HPC4Manufacturing Program: A National Laboratory - Industry Partnership in High Performance Computational Simulations for Energy Efficiency: Robin Miles1; Peg Folta1; Jeff Roberts1; 1Lawrence Livermore National Laboratory
The HPC4Manufacture program is a new EERE-sponsored program with the aims of introducing industry to High Performance Computing for advanced science and engineering simulations, transferring advanced simulation techniques developed at the National Laboratories to industry and reducing industrial energy usage. The three partner national laboratories have been working with a variety of large and small companies in a variety of energy intensive industries to improve manufacturing processes and enhance product design. Examples include optimizing steel-making furnaces to reduce energy and coke usage and advanced CFD modeling of turbines used for aerospace and energy generation. Many companies are interested in advanced simulation as a way to reduce costs associated with product/or and process testing. An overview of the program will presented and example projects discussed.
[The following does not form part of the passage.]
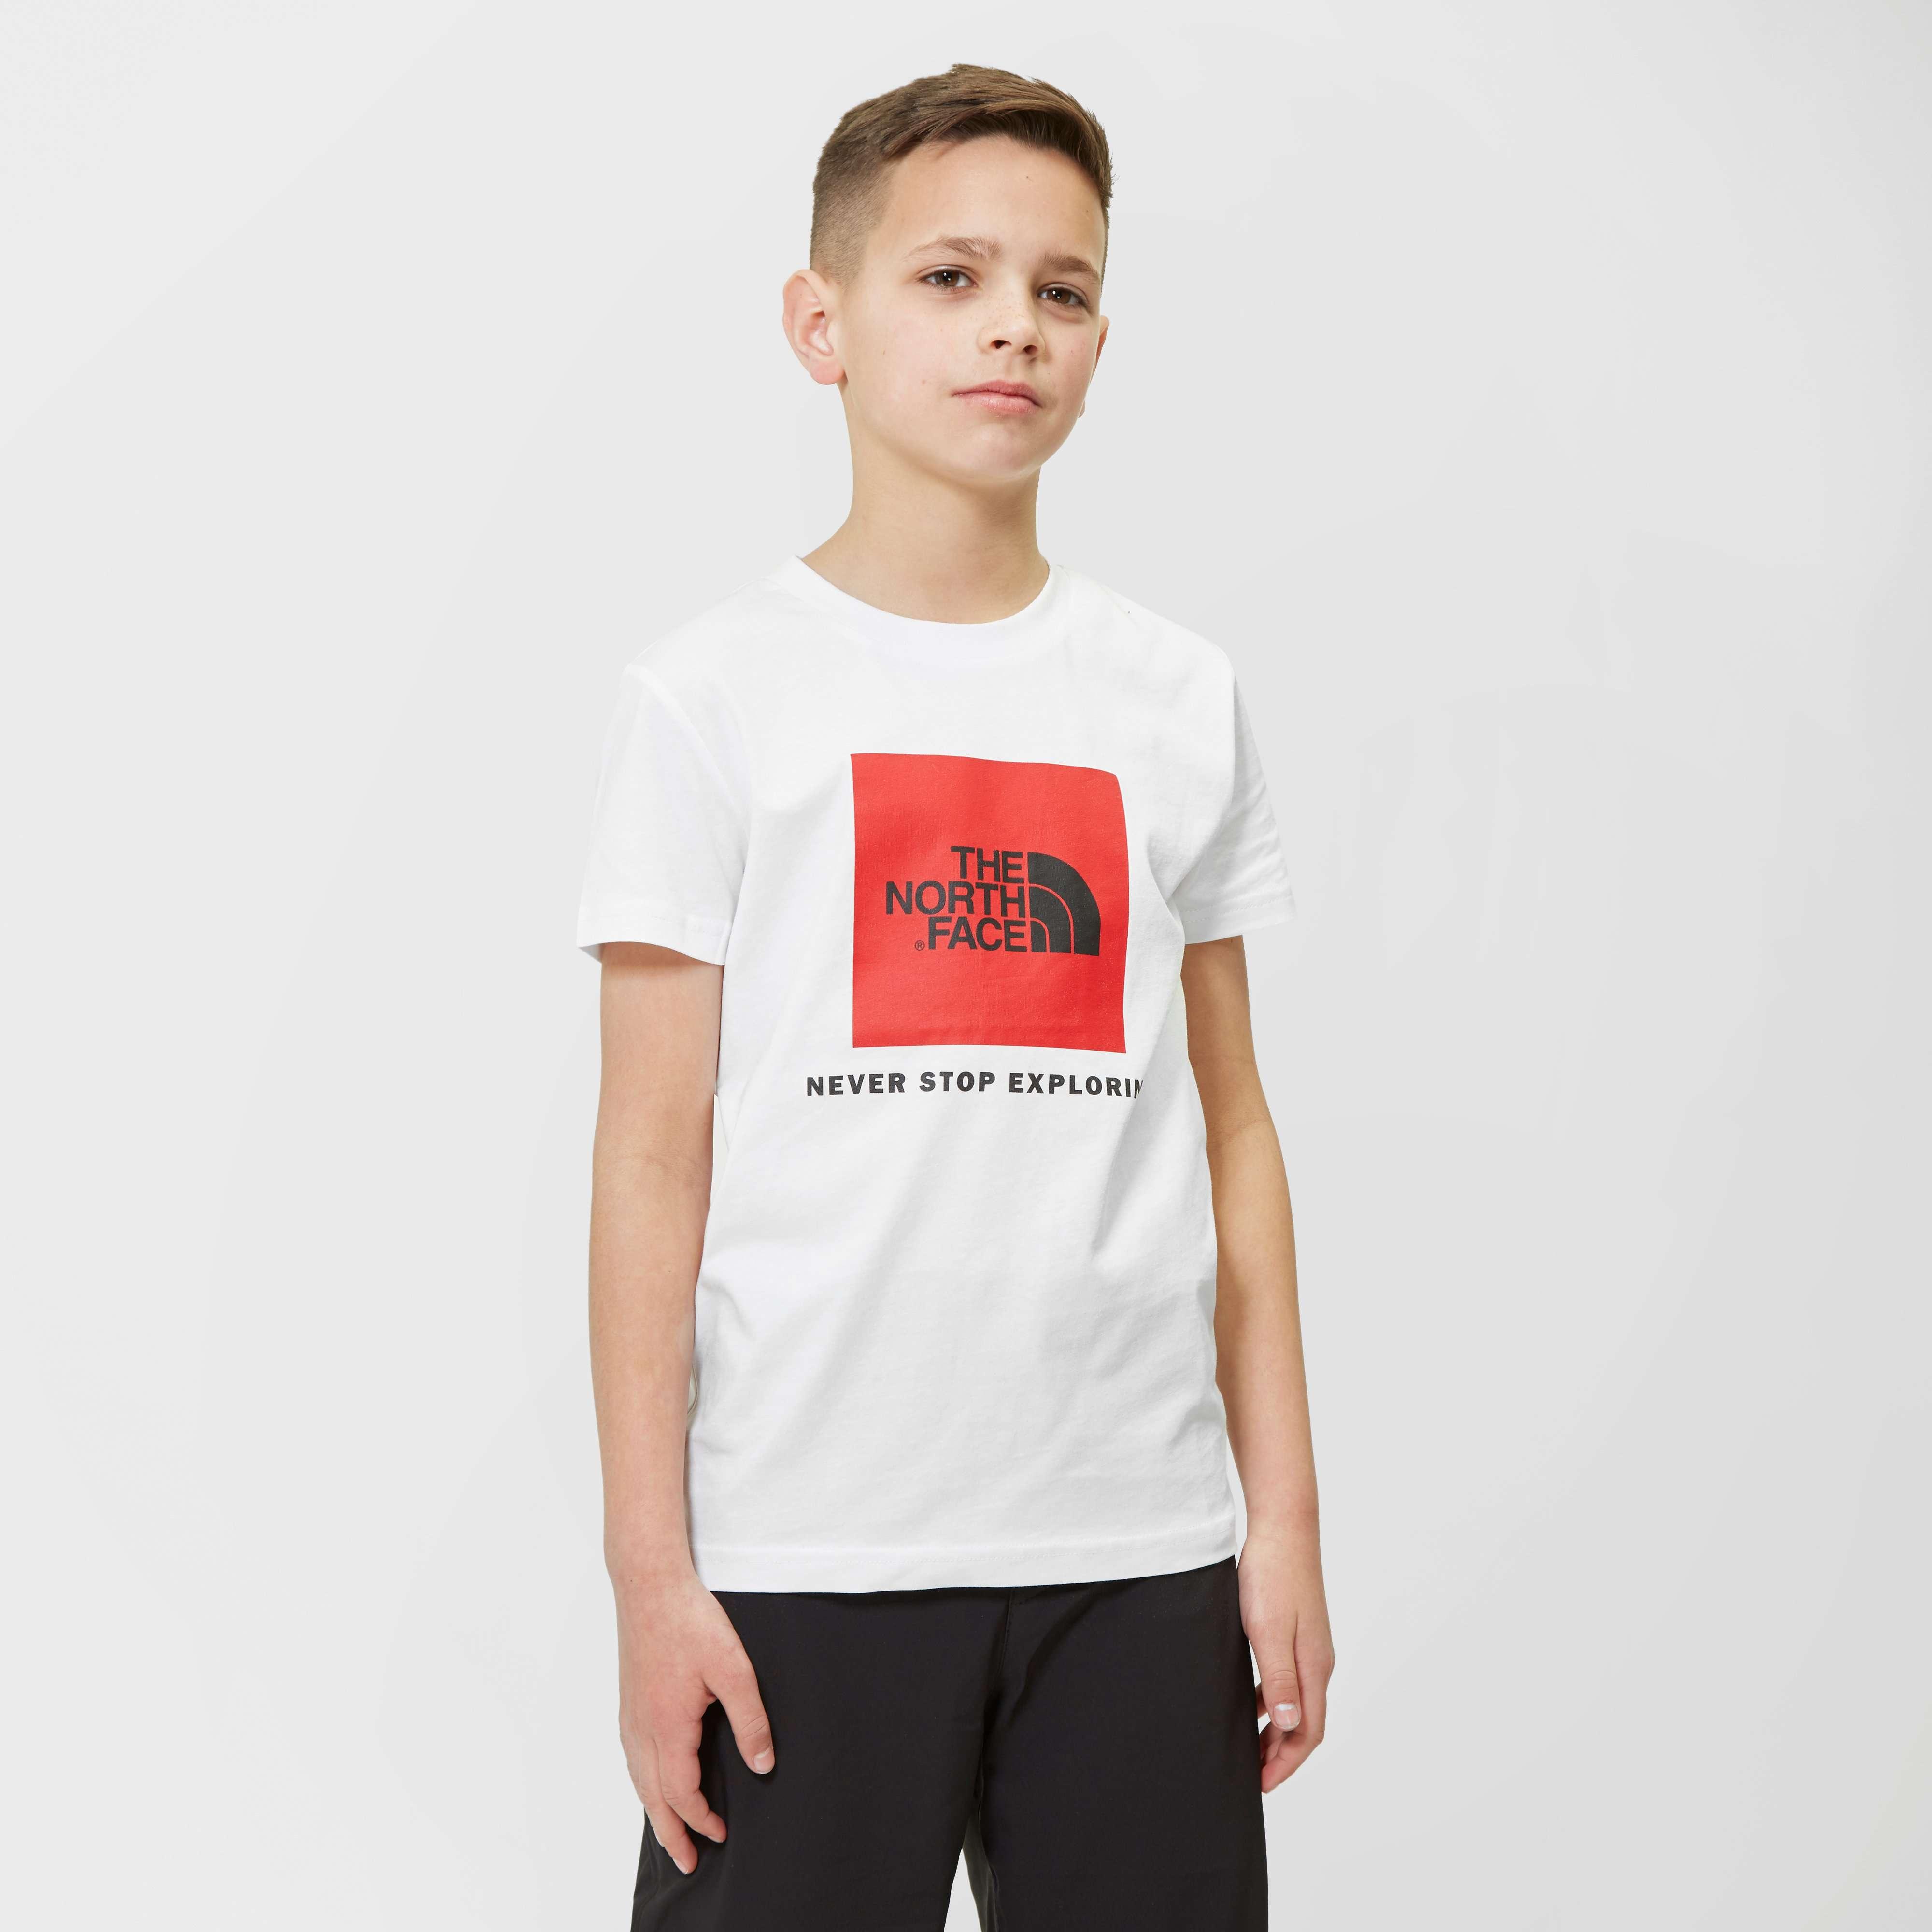 THE NORTH FACE Boys' Box T-shirt

ICME in Design of Hard Materials and Substitution of Critical Raw Materials: Anssi Laukkanen1; Tatu Pinomaa1; Tom Andersson1; Matti Lindroos1; Tomi Suhonen1; Kenneth Holmberg1; 1VTT
The Process-Structure-Properties-Performance (PSPP) paradigm is emerging as one of the cornerstones of implementing integrated computational materials engineering (ICME) for materials R&D needs, such as discovery and development of novel material solutions, optimization and tailoring of product specific materials, and overall troubleshooting materials affiliated problems. We present a case study employing an in-house multiscale materials modeling toolset in design of WC-Co hard materials and TiC-Ni critical raw material substitutes. The approach merges phase field and kinetics modeling of material processing to imaging based modeling of material nano-microstructure to establish causal material properties and performance under typical application environments. Computation driven material design aspects are addressed by an informatics solution incorporating evolutionary computing and machine learning. The results demonstrate how ICME can be applied in designing novel composite materials and finding substitute candidates.